March 4, 2010
AT THE EDGE OF EMPIRE
Central Europe under Communism: Material and Consumer Cultures
4 p.m.
Wende Museum, 5741 Buckingham Parkway, Suite E, Culver City
The Wende Museum, a fascinating collection of ephemera from the world of East Germany, is the venue for a roundtable discussion of daily life and consumer culture under Communism with Justinian Jampol (Director, Wende Museum), and Wolf Gruner (Shapell-Guerin Chair in Jewish Studies and Professor of History, USC College).
March 11, 2010
The Spiritual Life of Plants
Everything You Always Wanted to Know about Animals (But Were Afraid to Ask Vegetables)
Guest Speaker: Timothy Morton, Professor of English (Literature and the Environment) and UC, Davis.
4 – 6 p.m.
Doheny Memorial Library 240
March 23, 2010
TRANSNATIONAL CHARISMA AND TRAVELING SPIRITS
Thomas Csordas, UCSD “Charismatic Healing and Transnational Transcendence”
12 - 2 p.m.
University Club
March 23, 2010
THE CULTURAL LIFE OF OBJECTS
Sensing the Gods: Materiality, Perception, and the Divine
3 - 6 p.m.
Location to be announced
How do material objects and spaces communicate and create knowledge about the divine?

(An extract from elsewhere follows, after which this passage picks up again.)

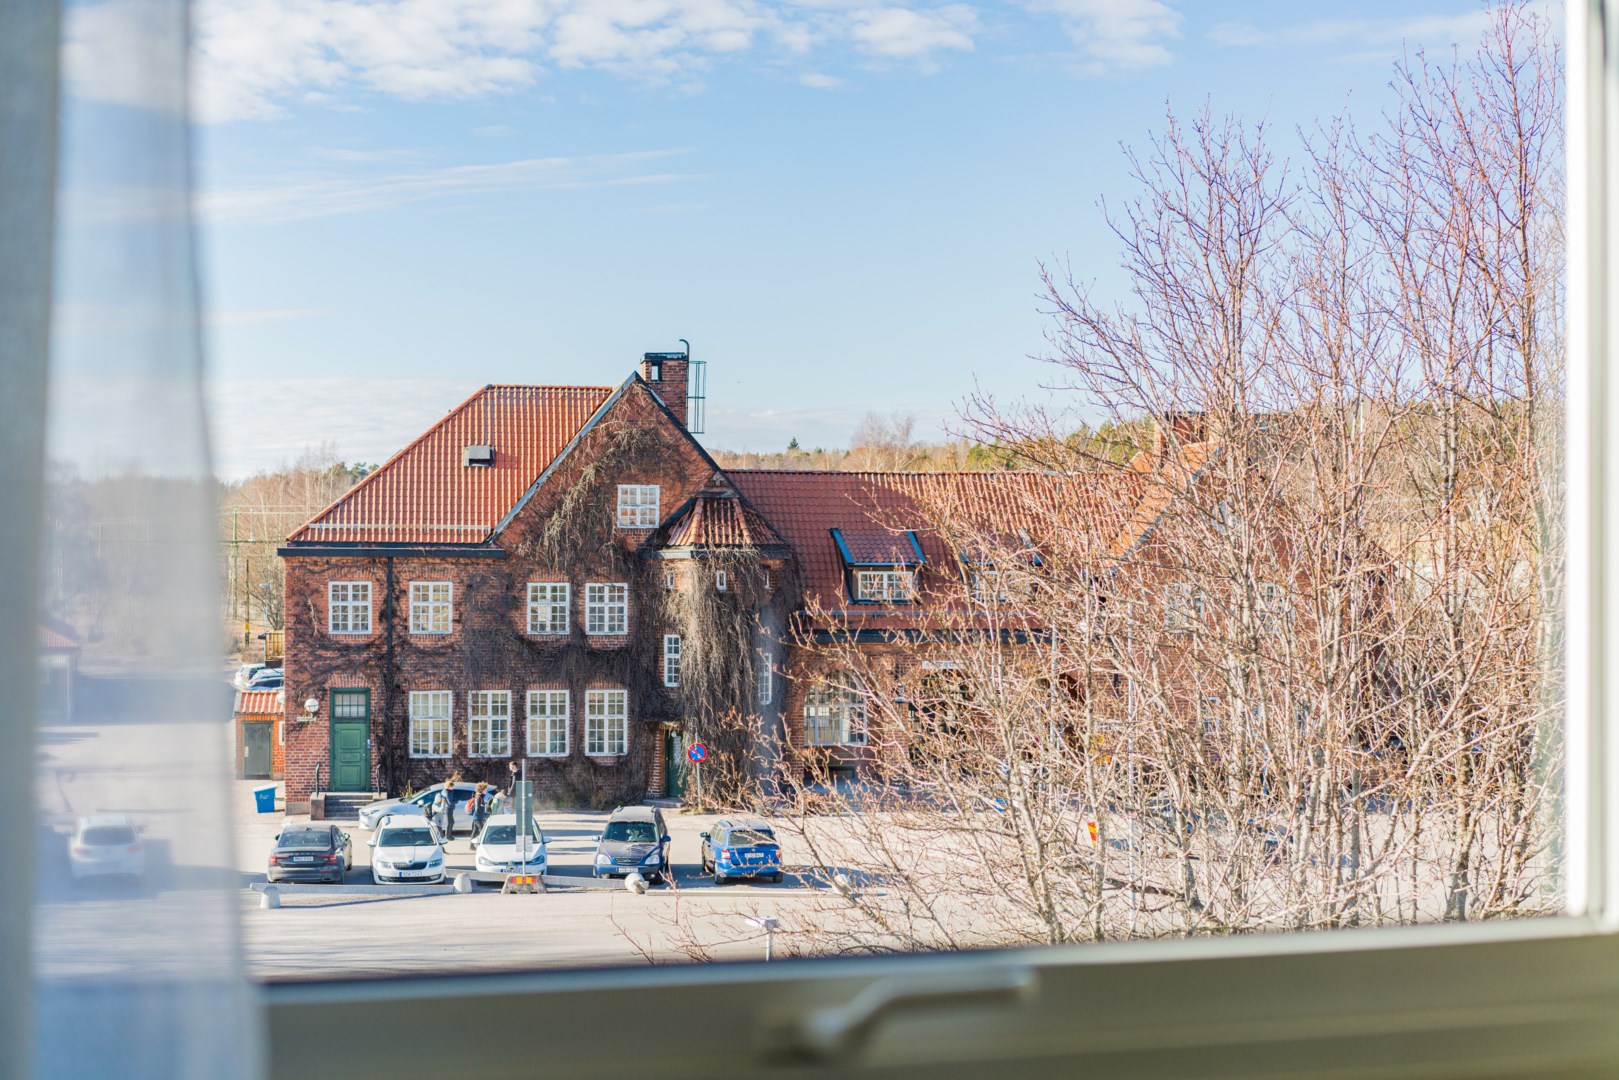 Bostadsrätt i Centralt Väster, Nyköping, Sverige, Järnvägsgatan 46A
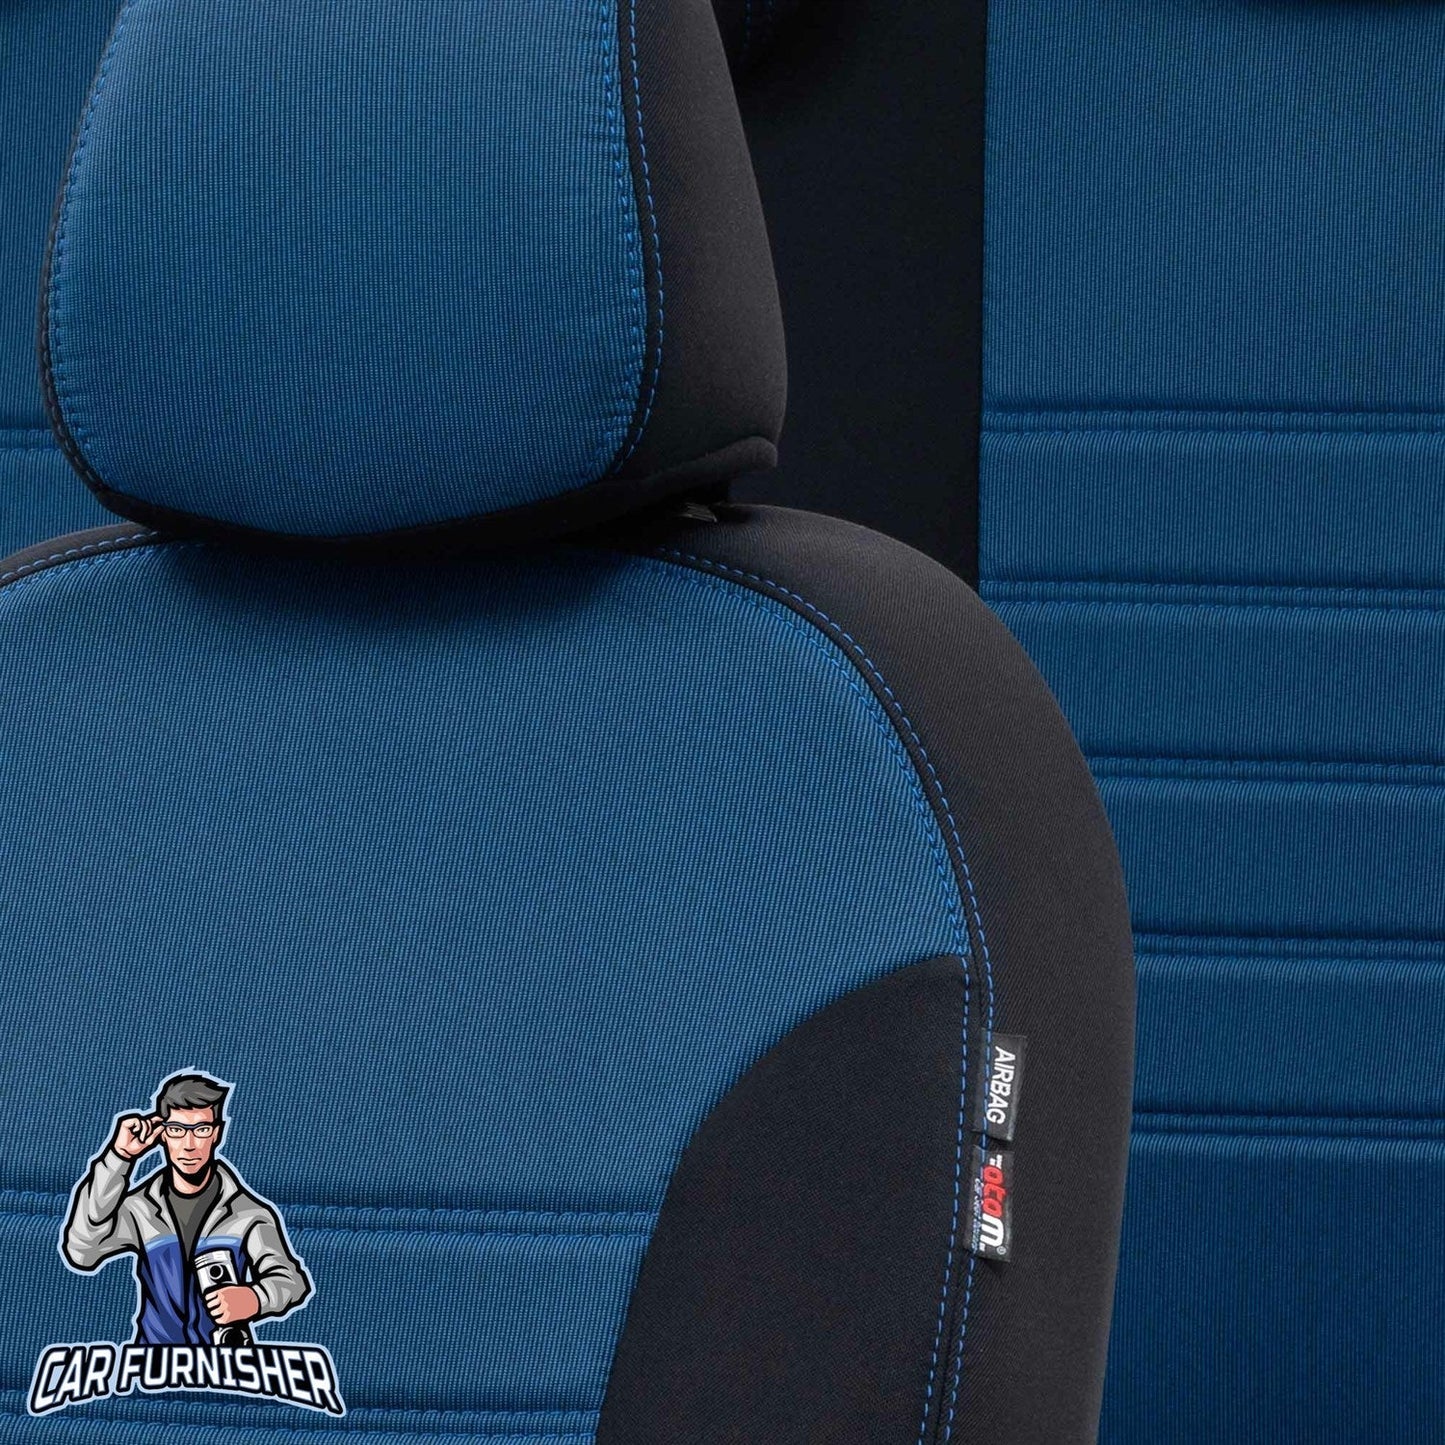 Isuzu N-Wide Seat Covers Original Jacquard Design Blue Jacquard Fabric

USC College’s James McHugh (Religion) and Lisa Bitel (History and Gender Studies) join Yale University’s Milette Gaifman (Classics and History of Art) in a discussion that moves beyond the strictly visual study of sacred images to investigate how the sacred is perceived by a wide range of bodily senses and understood through the material world of things.
March 26, 2010
Beyond Neural Cartography, Mapping the Social Brain
8:30 a.m. - 4:15 p.m.
Hedco Neuroscience Building (HNB) Auditorium
What does it mean to “map the brain”? Despite the intuitive explanatory power behind maps as a basic functional neural unit and the proposition that they “underlie the derivation of the computational principles that govern sensory processing and the generation of perception,” we still do not know if the topographic maps of the brain are incidental or functionally essential to brain organization in health and disease. This symposium organized by USC College’s Tansu Celikel (Neuroscience), gathers scientists to discuss the proposition that topographical organization of the brain is essential to brain organization. Speakers include: USC College’s Judith Hirsch (Biological Sciences), UCSD’s David Kleinfeld (Physics), UCLA’s Dario Ringach (Behavioral Neuroscience), UC Berkeley’s Friedrich T. Sommer (Neuroscience).